BP, the oil giant, said several of its stations had shut because of a shortage of unleaded and diesel-grade fuel. Tesco, a supermarket chain that operates gas stations, said it had suffered temporary closings in a small number of areas. The problem is not the supply of fuel, said Gordon Balmer, the executive director at the Petrol Retailers Association, but a lack of trained truck drivers to transport it.

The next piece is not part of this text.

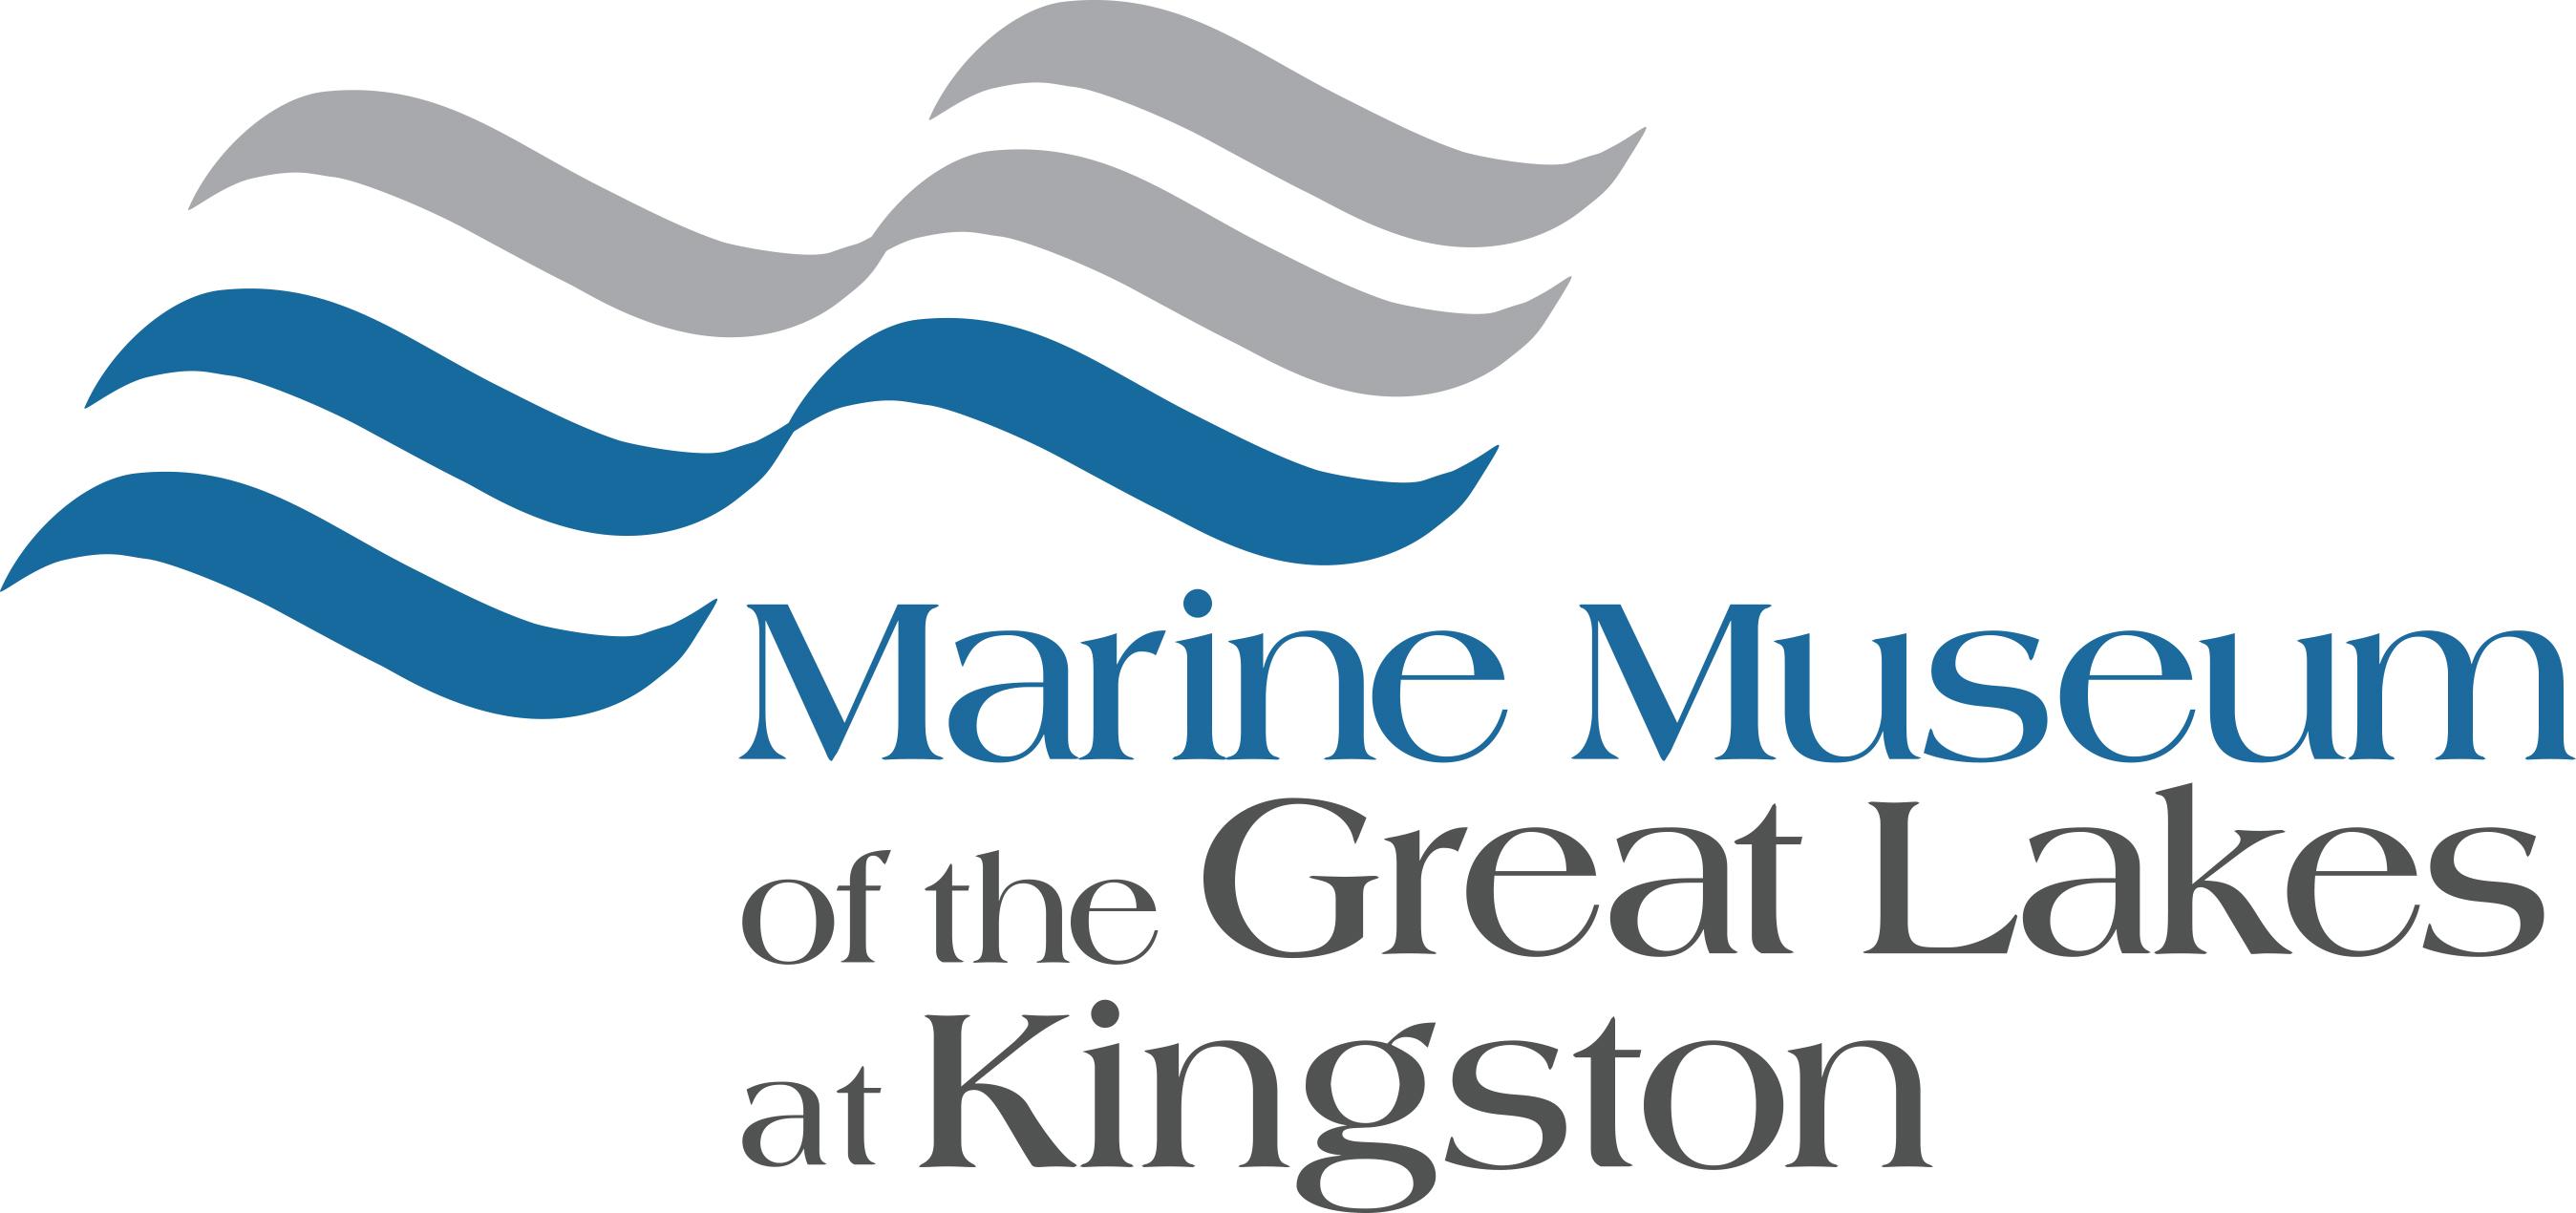 Marine Museum - Doug Cowie, Curator

The challenge of finding, and paying, qualified drivers cuts across sectors beyond fuel. With drivers retiring, and replacements delayed in getting licensed because of the pandemic, the labor pool has shrunk even as demand has surged. That has driven up wages. Tom Binks, the managing director of Peter Green Chilled, a refrigerated and frozen food transport company, said he has had to increase pay for his fleet of roughly 60 drivers by 35 percent since April to keep them.
To pay for that, Mr. Binks said he has increased his rates to food suppliers for transportation services. The suppliers pass the higher costs on retailers, who in turn pass them on to customers. “Ultimately, food will become much more expensive for ordinary people,” he said. “It’s just inevitable.”

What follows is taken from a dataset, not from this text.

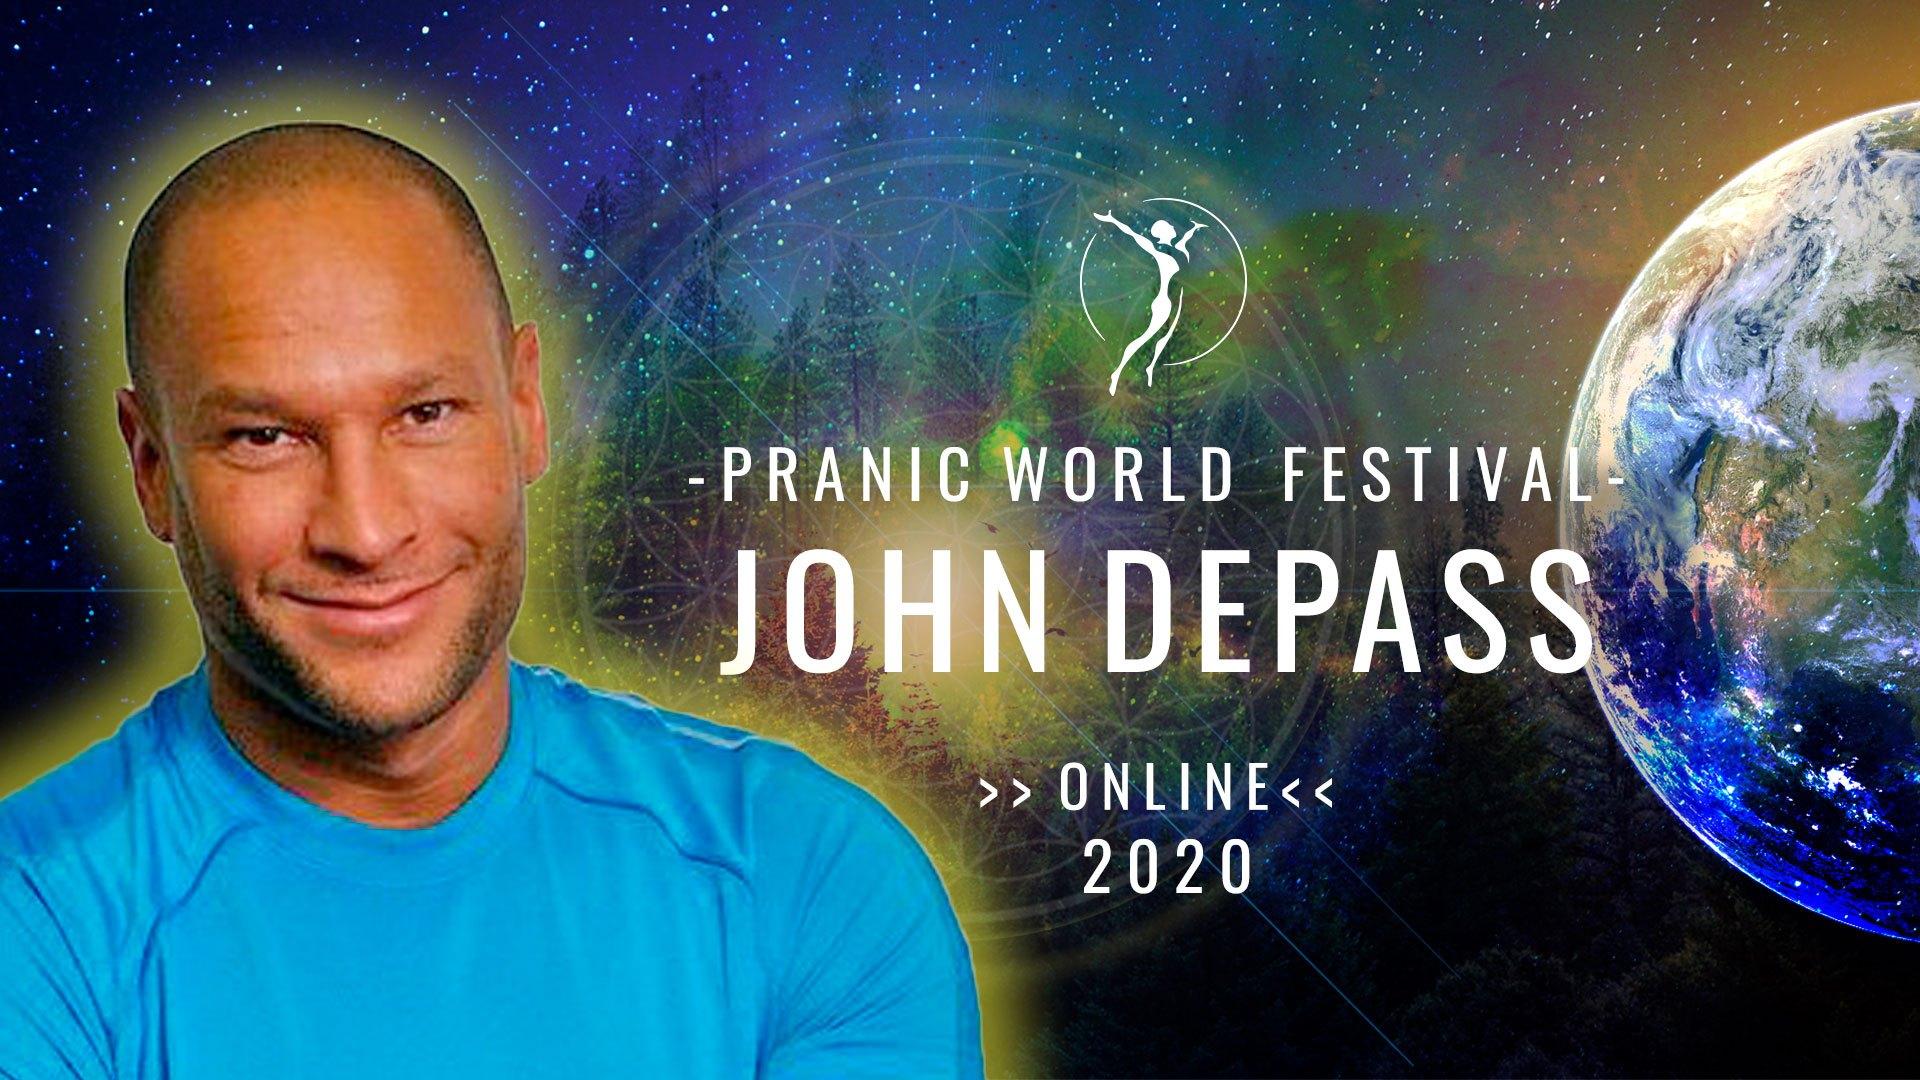 John DePass

Brexit has aggravated the labor shortages. An estimated 200,000 European Union citizens left Britain during the pandemic, and haven’t returned in part because of more stringent visa requirements to work in the country, which began this year. That means companies can no longer easily fill empty positions with overseas hires.
The Road Haulage Association estimates there is a shortfall of 100,000 drivers, of which 20,000 or so are drivers who left Britain. Though the government has increased the number of hours drivers can work each day and sped up the process for getting licenses, it has so far resisted pressure to ease visa rules — hoping instead to see wages rise and companies train British drivers.
The shortage of truckers has mutated into a supply-chain crisis that has left restaurants struggling to buy the necessary ingredients for their menus and supermarkets with empty shelves. While fears of panic buying appeared to be overstated, more than half of British adults have had their food shopping affected by shortages, according to a recent survey by the national statistics agency.
The supply bottlenecks are threatening what has been a fairly robust recovery from the pandemic. On Thursday, the Bank of England said it was slashing its forecast for economic growth for the third quarter again, this time by 1 percentage point. The inflation rate, it said, could exceed four percent by Christmas.
All this has left businesses on a knife edge: balancing optimism that the pandemic is ending with nervousness about the strength of the recovery.
Pret A Manger, a coffee and sandwich chain, announced this week it planned to open 200 new stores and hire 3,000 more people in the next two years. But amid a dire shortage of workers in the hospitality industry, it has had to raise wages by 5 percent.
“We are still not clear on how the recovery will play out,” said Pano Christou, the chief executive of Pret. “I think we are still in recovery, it’s a positive recovery, but we are still in recovery.”
For consumers, the pressures are only likely to mount. The government’s furlough program, which compensated up to 80 percent of lost wages because of the pandemic, ends at the end of this month. Soon afterward, more than five million people will lose £20 a week from cutbacks in a major government benefit program, Universal Credit. And the cap on household energy bills, which protects about 15 million Britons, will be increased by 12 percent.
“Families are just going to feel completely squeezed,” said Karl Handscomb, an economist at the Resolution Foundation, a research group that studies living standards. “It’s going to feel uncomfortable, and people are going to be actually worse off.”
Stanley Reed contributed reporting from London.